Recorded information:
_ _ _ _

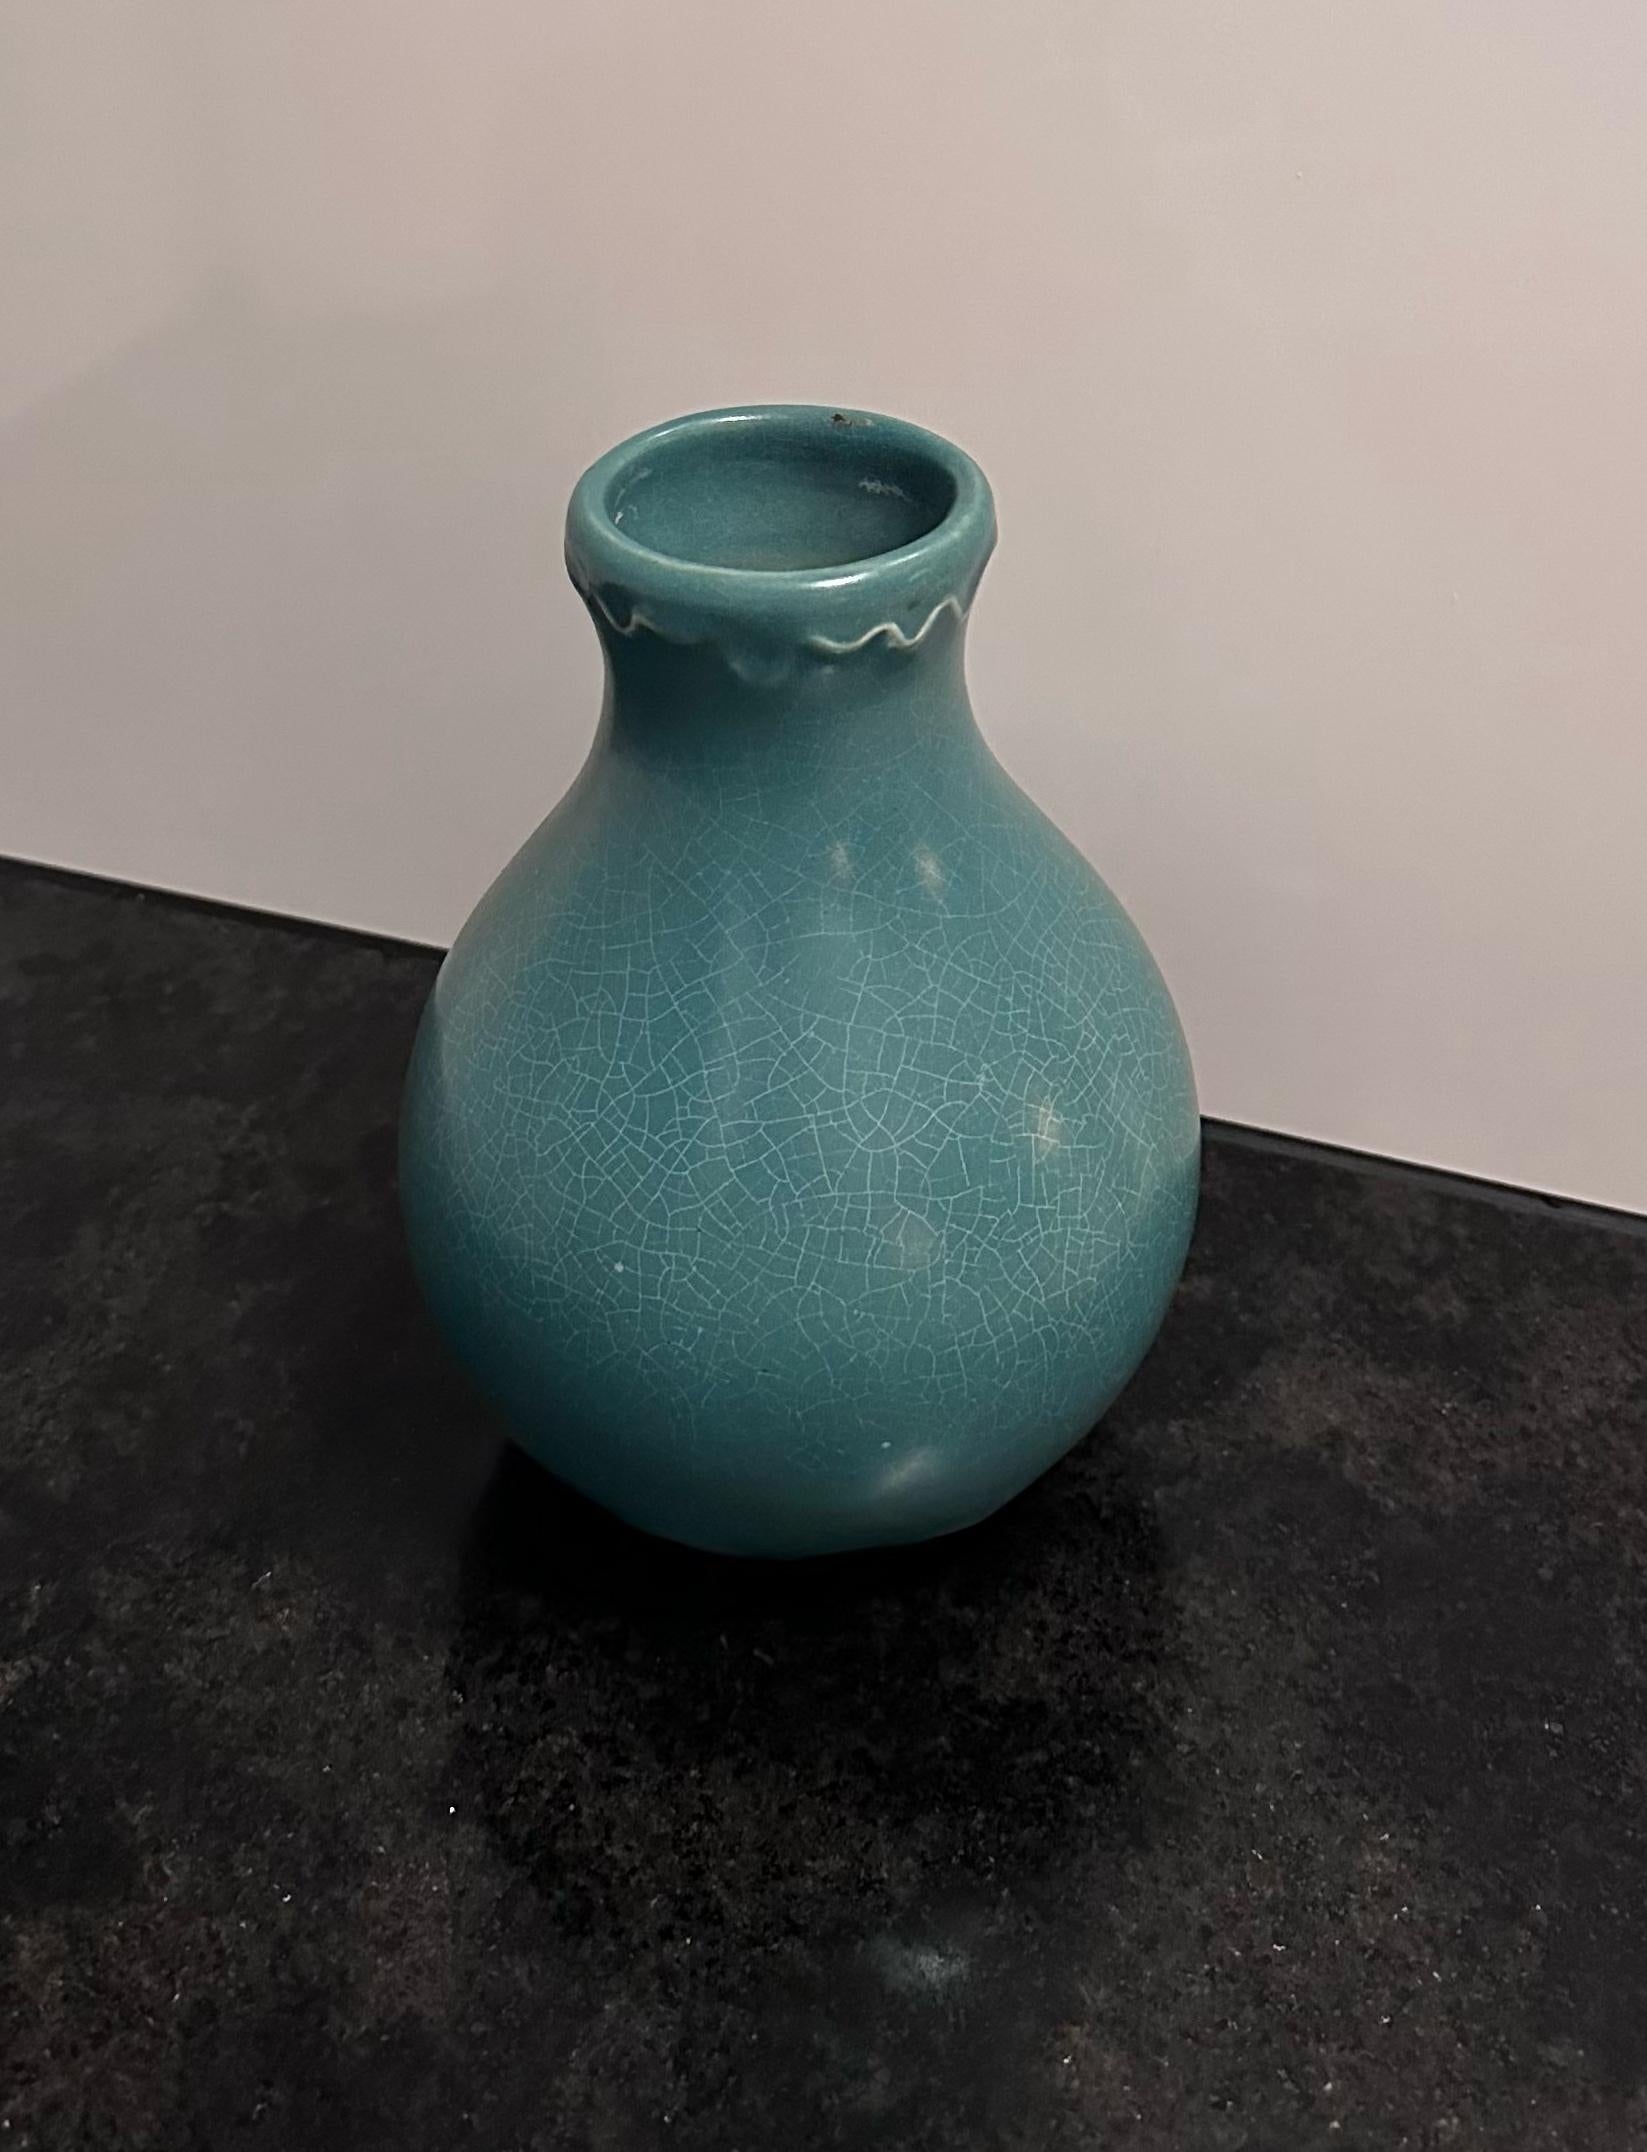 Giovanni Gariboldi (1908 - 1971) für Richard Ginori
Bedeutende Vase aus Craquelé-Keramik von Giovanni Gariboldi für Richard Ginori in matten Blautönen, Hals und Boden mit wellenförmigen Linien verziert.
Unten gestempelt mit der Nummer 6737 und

_ _ _ _

Set down the data again, exactly, without images.

 Giovanni Gariboldi (1908 - 1971) für Richard Ginori
Bedeutende Vase aus Craquelé-Keramik von Giovanni Gariboldi für Richard Ginori in matten Blautönen, Hals und Boden mit wellenförmigen Linien verziert.
Unten gestempelt mit der Nummer 6737 und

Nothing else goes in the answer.